Evolution of India as a Nation

06 March, 2017, Sitaram Yechury

A discussion on “Evolution of India as a nation” would be misplaced from a strict scientific point of view. India is a country consisting of many nationalities. A common language, as all of us know, apart from a contiguous geographical area, a common culture and the psychological make-up of the concerned people constitute a nationality. By this definition, India consists of many nationalities and, importantly, there is no dominant nationality, i.e., with over a majority of the Indian people belonging to any one such nationality. Even if all peoples’ speaking all the dialects of Hindi are taken together, they do not constitute a population of over 50 per cent of the people of our country.

During the course of the Indian freedom movement, a Pan Indian people’s consciousness arose as a product of this epic people’s struggle which, in turn, reinforced the social consciousness of a Pan Indian nature.  It is this Pan Indian consciousness that rose above the consciousness of individual – nationalities uniting them in this struggle for freedom that, in turn, set in motion the rise of what is usually described as the `Idea of India’.

I have argued in my contribution to this volume that this `Idea of India’, in a sense, transcends the Westphalian nature of the nation, nationalism and sovereignty.  This essentially European concept was based on a majority in a country in opposition to a minority within the country and the majoritarian expression was synonymous with nationalism. This inherent idea of an exclusion of a set of minorities (whatever may be their denomination – linguistic, ethnic, religious etc) people was transcended during the Indian freedom struggle that had, as its objective, the  inclusive unity of all its nationalities and all of India’s religious, ethnic, linguistic minorities.  The dynamics of Indian freedom struggle required the consciousness of such inclusive nationhood for its success.

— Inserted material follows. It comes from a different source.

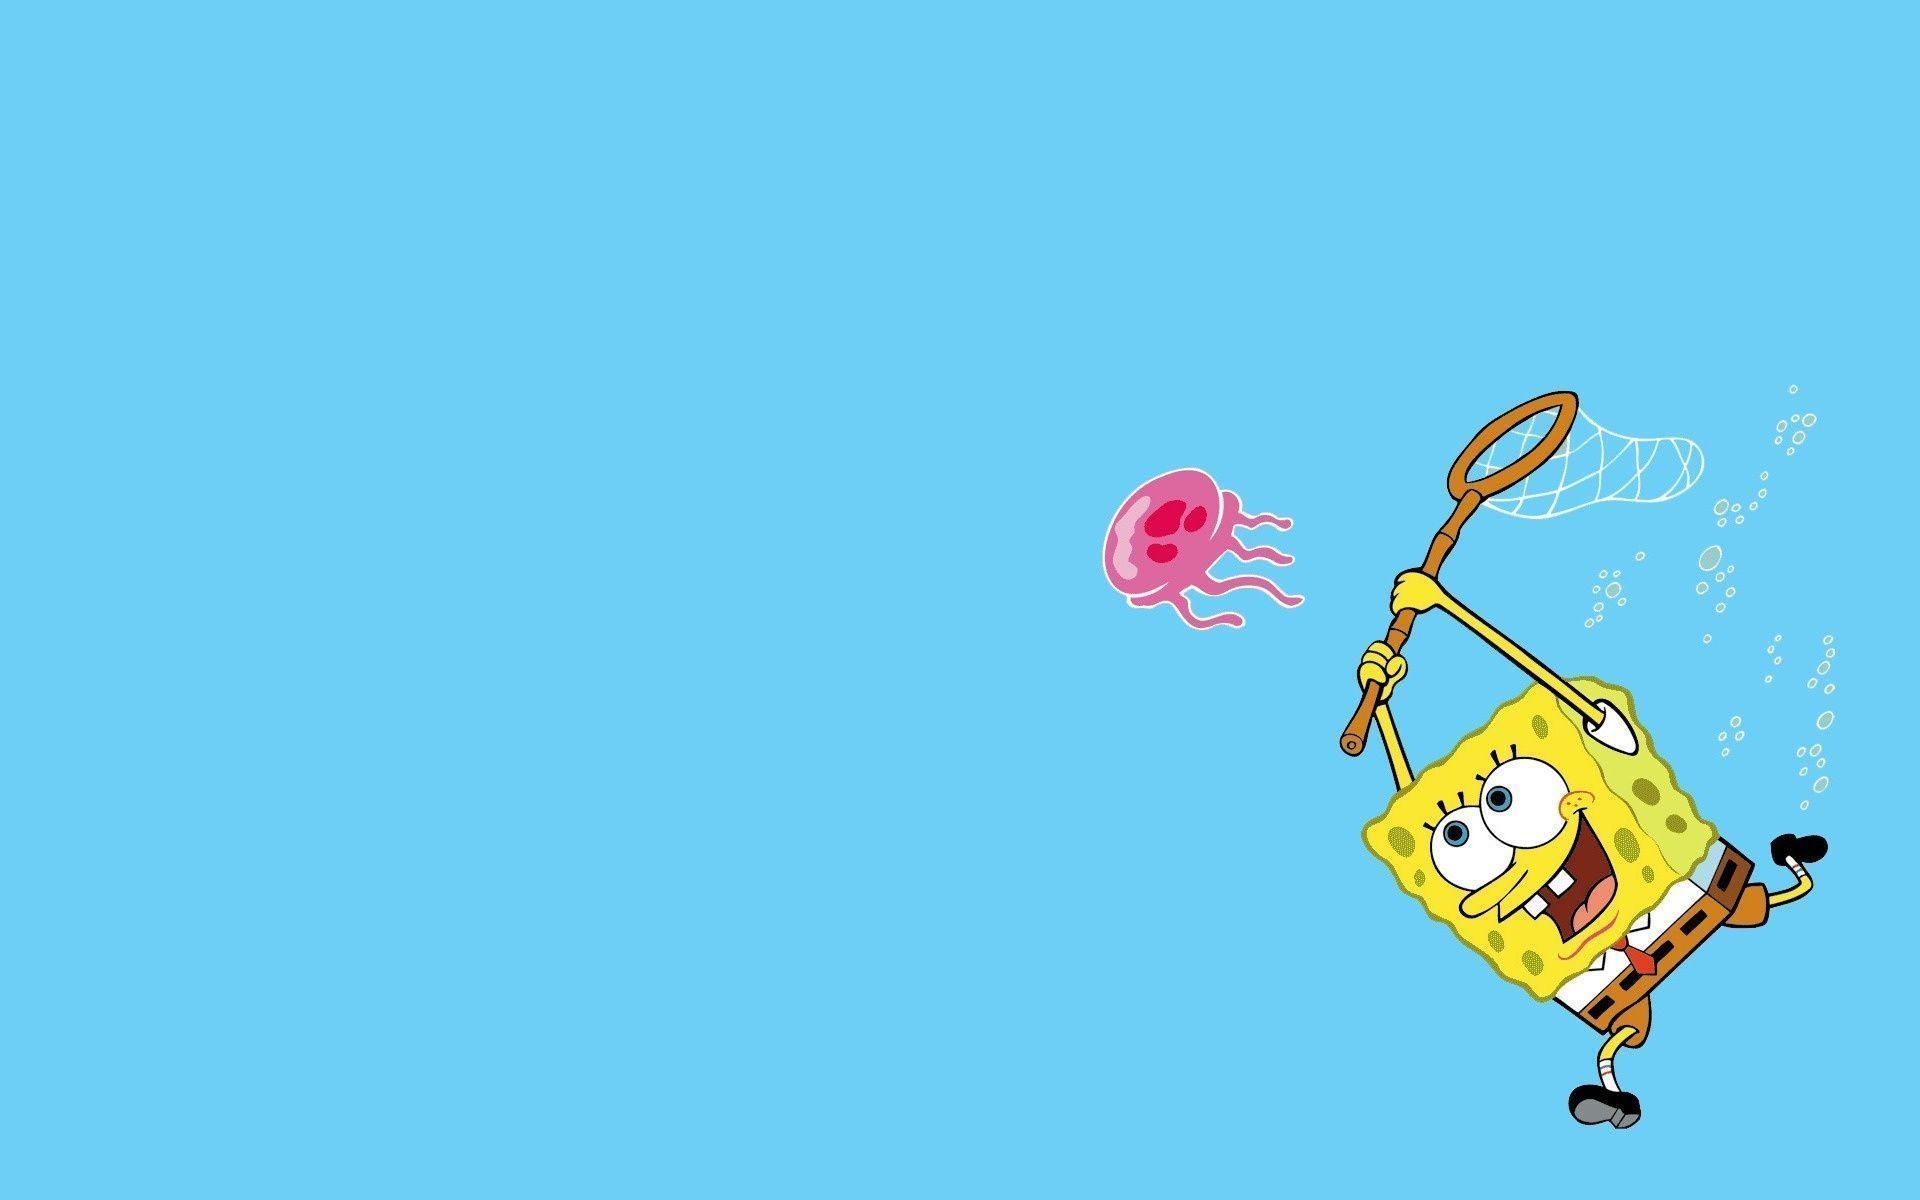 Spongebob Squarepants Background. Download High Quality

Certain points, however, need attention: 

First, natural to this process is an inherent contradiction.  While the coexistence of various nationalities has the potential to set in motion centrifugal tendencies, the rise of the Pan Indian consciousness set in motion centripetal tendencies as well.  The possibility of a conflict between both these contradictory tendencies is inherent in the Indian conditions.  As we shall see later, this contradiction can only be resolved with the comprehensive realization of the `Idea of India’.  This is the current ongoing process.

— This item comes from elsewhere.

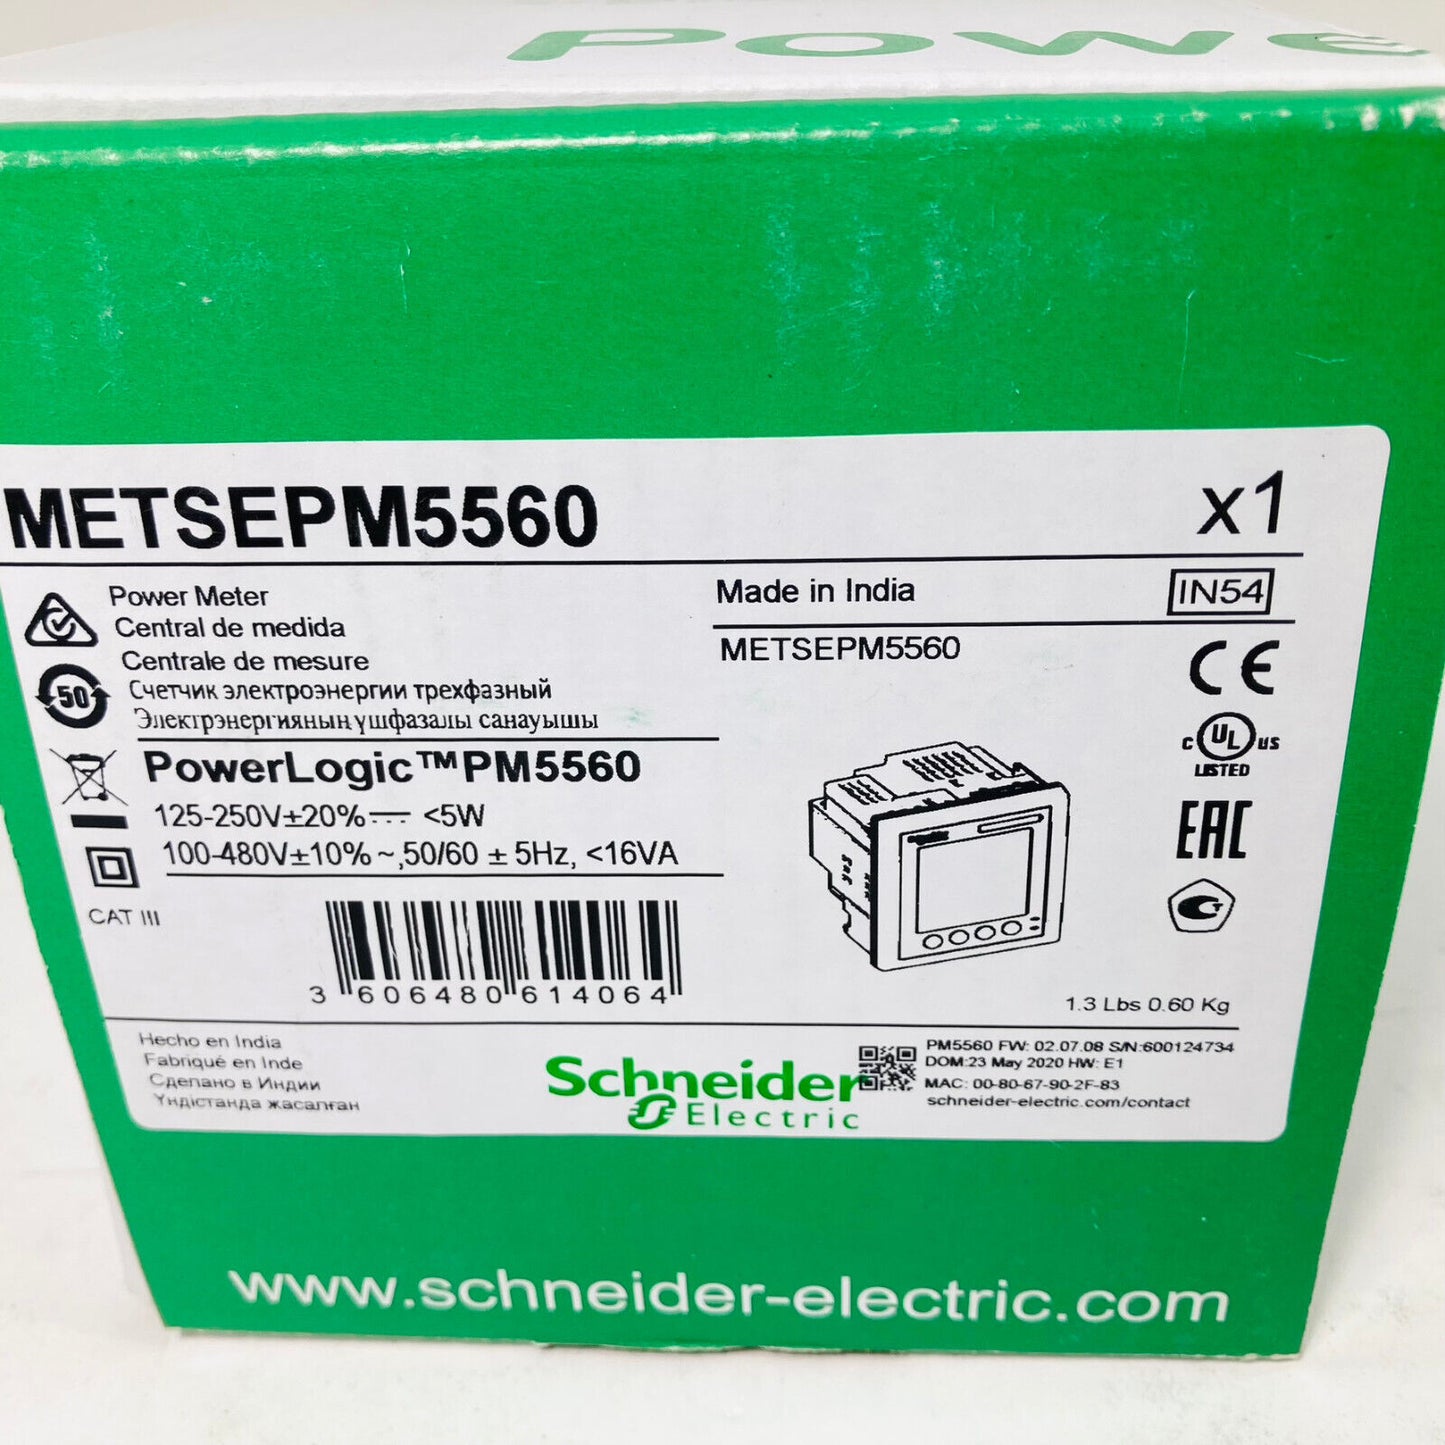 SCHNEIDER METSEPM5560 Power Meter PM5560, New In Box

Secondly, the Communists and Left in India played an important role in the evolution of this Pan Indian consciousness. During the freedom struggle, the Indian bourgeoisie, aspiring to be the ruling class post-independence, sought to develop such Pan Indian consciousness necessary for its ruling class hegemony by seeking to incorporate the leaderships of various other classes and nationalities. For instance, the Princely States and feudal landlordism was sought to be integrated into the freedom struggle through compromises and pacts with the exploiting classes– a process that eventually compelled the Indian bourgeoisie to compromise with feudal landlordism and incorporate them as partners of a ruling class coalition. Thus, were laid the roots of the post-independence Indian ruling classes – a bourgeois-landlord alliance led by the Indian big bourgeoisie. 

The Communist led struggles – some of them very powerful – the most powerful of them being the armed struggle of the Telangana peasantry, brought the exploited sections of the peasantry and other sections of rural India into the mainstream of the freedom struggle. The Telangana armed uprising, the Punnapra-Vayalar land struggle in Kerala, the Tebhaga movement in Bengal, the Warli tribal revolt, the Surma valley uprising in Assam, the betterment levy movement in Punjab are some of the examples whereby a huge people’s mobilization, mainly the exploited sections, were drawn through such struggles into the freedom movement. It was the Communists that brought the land question to the centre of the agenda of our freedom struggle.

Such inclusivity was, once again, visible in the struggles of various linguistic nationalities for their assertion of an equal treatment in independent India. It needs to be noted that the Motilal Nehru Committee Report of 1928 on Congress organizational structure had recommended that the Congress organization must be based on linguistic lines and not in accordance with the British administration divisions. This, notwithstanding, it took nearly a decade-long powerful people’s struggles post-independence for the linguistic reorganization of the Indian States to come into effect in 1956. The Communists, once again, were in the forefront in forging such an inclusive unity of linguistic nationalities as they led the popular struggles for Visalandhra, Aikya Kerala, Samyukta Maharashtra etc. 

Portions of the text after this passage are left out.